Revert Data fields to bytes and add get_data_as_view for zero-copy access#390
Conversation
|
retrieved the build artifact and tested with my downstream, appear to fix the bug. can also verify the newly added api appears to function as intended. |
| WARNING: The memoryview is tied to the underlying Cap'n Proto message. | ||
| If the message is destroyed, accessing this view will cause a crash. |
There was a problem hiding this comment.
this sounds unsafe.
Can the memoryview hold a strong reference to the underlying capnp message?
this should tie the message object to the lifespan of the memoryview.
There was a problem hiding this comment.
My understanding is that Cap'n Proto relies on the C++ layer allocator (Arena) for lifecycle management. We should avoid letting Python-level strong references implicitly interfere with this lifecycle.
-
Since Cap'n Proto uses arena allocation, holding a strong reference on a tiny data field would implicitly keep the entire underlying Message (potentially massive) alive in memory.
-
If the message object is destroyed, the expectation is that the underlying memory is reclaimed. Users should access views using
get_data_as_view()within the scope of the message's lifespan, rather than relying on a detached view to indefinitely extend the message's life. -
Reference counting introduces unnecessary CPU overhead.

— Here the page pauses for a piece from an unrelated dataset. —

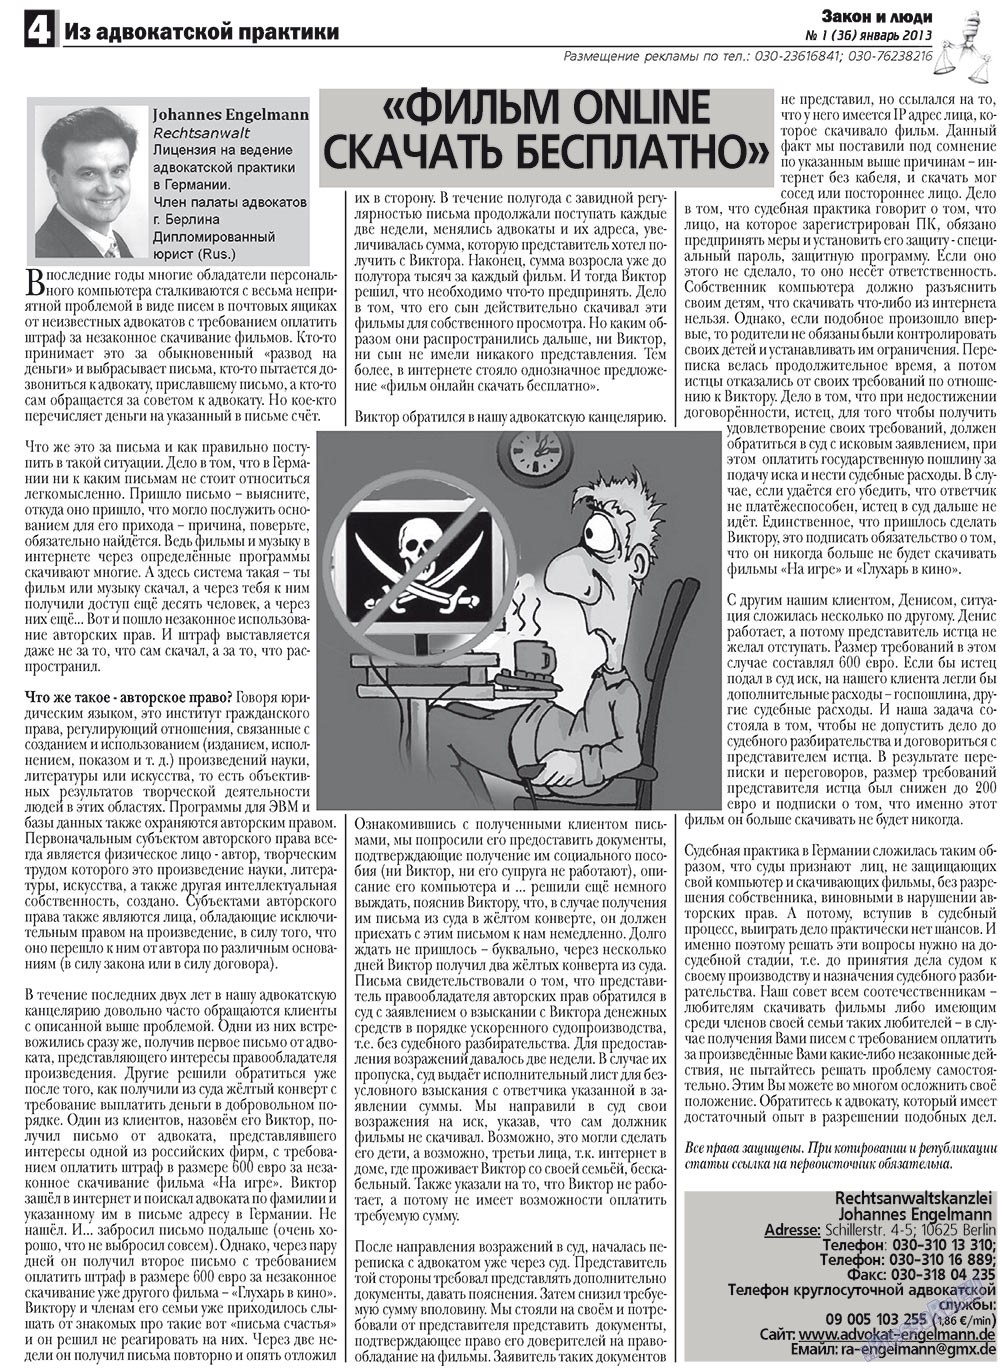 Закон и люди (газета). 2013 год, номер 1, стр. 4

If a user specifically needs the view to outlive the message (safety over performance), they should rely on the original methods (i.e., making a copy) rather than this zero-copy optimization.
There was a problem hiding this comment.
by 'crash' do we mean segfault or would a python exception be raised?
if the latter then this is fine.
if the former, that may lead to a vulnerability.
There was a problem hiding this comment.
It will cause undefined behaviour.
Now I agree that adding a reference is necessary to ensure user's memory safety and have updated the code.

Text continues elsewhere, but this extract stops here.